By angry doc, At June 18, 2006 10:30 pm
If we look at the experience of NICE, we will see that their most difficult problems and the bulk of their decisions relate to cancer drugs, such as Herceptin for breast cancer, Gleevac for acute myeloid leukaemia and GIST, Rituximab for lymphoma and Velcade for myeloma. These drugs make a difference to survival and the quality of life, but very few cures.
I like your suggested name SpICE :) Private doctors will decide for themselves whether or not to prescribe these new drugs as their patients will pay for them anyway. The remit of SpICE will be the public sector where these drugs are currently considered non-standard drugs. So essentially SpICE will be taking over MOH's role in deciding which drug should be standard. If such a body were set up, I believe it will be the same MOH committee calling itself by a different name.
It makes sense to pay more for a chronic illness if a more expensive drug can forestall and reduce acute admissions. But in the area of oncology, where an expensive drug merely improves survival by months or a few years and not provide a cure, would SpICE ever recommend it?
By Anonymous, At June 19, 2006 1:50 am
Rituximab is as curative as it gets!
By Anonymous, At June 21, 2006 1:37 am
That's the problem with cost effectiveness, isn't it? Rituximab gives a 95% and 75% 2-year survuval rates in the younger (<60) and older patients respectively. The figures for standard CHOP therapy are 86% and 63% respectively.
If this is as curative as it gets, some administrators are going to say that the 10% improvement does not justify the cost.
By Anonymous, At June 21, 2006 3:16 pm
Cost-effectiveness is necessarily subjective when it comes to healthcare because it is difficult to put a value on life and health.

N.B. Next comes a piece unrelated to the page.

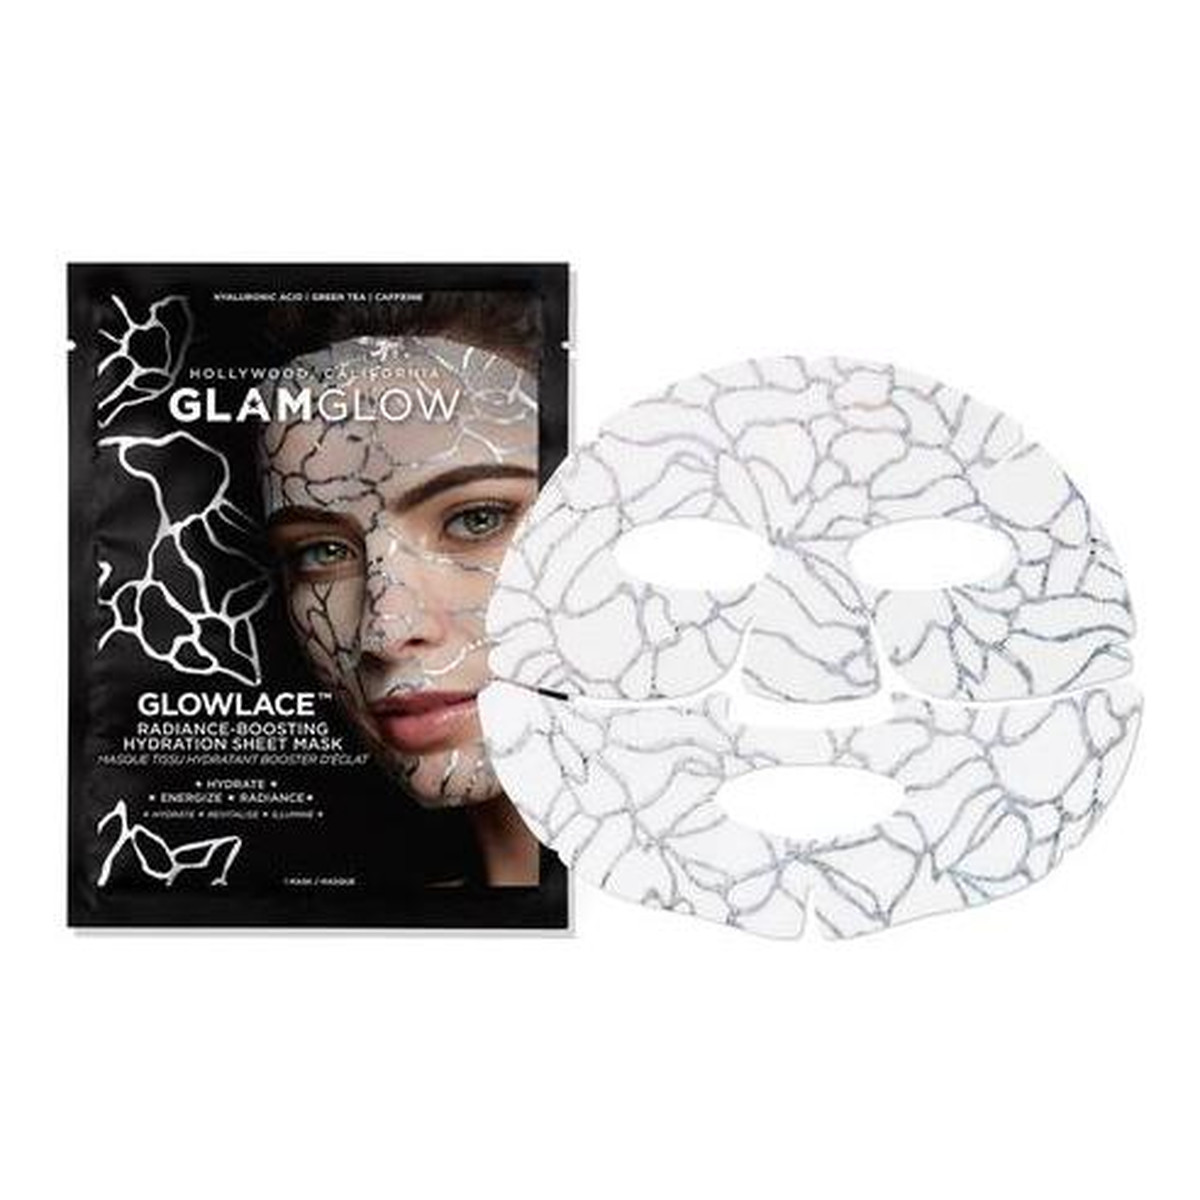 GlamGlow Sheet Mask Radiance Boosting Hydration nawilżajaca maska do twarzy w płachcie
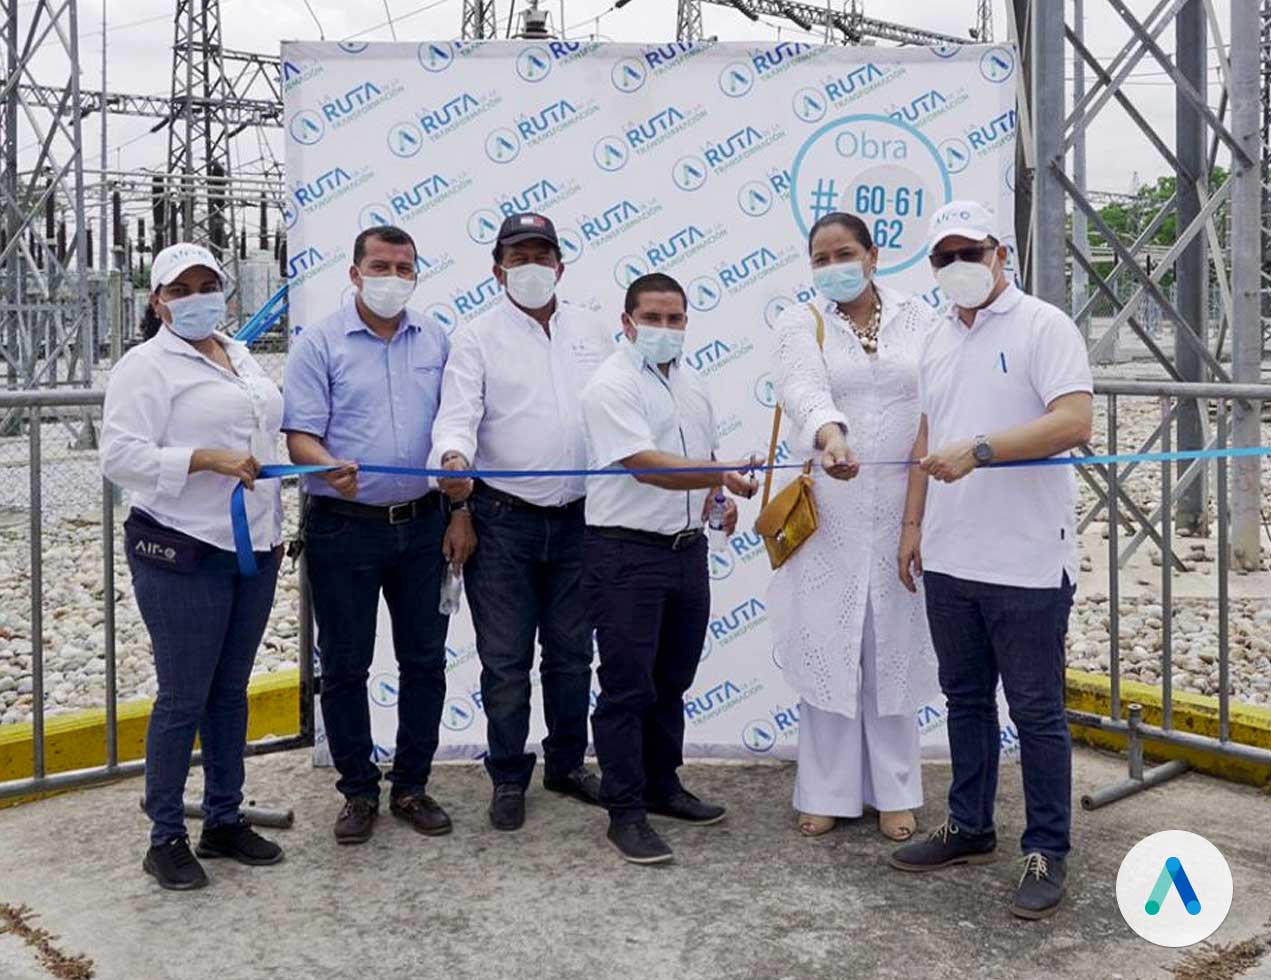 Air-e inauguró obras eléctricas en  el municipio de Fundación

In the context of pooled risk and tax-subsidised healthcare decisions must nevertheless be made, and I suppose having a body to study the evidence behind each therapy and calculating the potential cost and benefits is better than having the decisions made purely on unit cost alone.
By angry doc, At June 21, 2006 6:56 pm
5 year data for rituximab is available. Compares well to many other things we can do.
By Anonymous, At June 21, 2006 11:32 pm
it's the Drug Advisory Committee currently that proposes and decides what goes into the standard drug list.
but the list looks in urgent need of updating.
By Anonymous, At June 22, 2006 10:34 pm
The DAC comes under the purview of the MOH, doesn't it?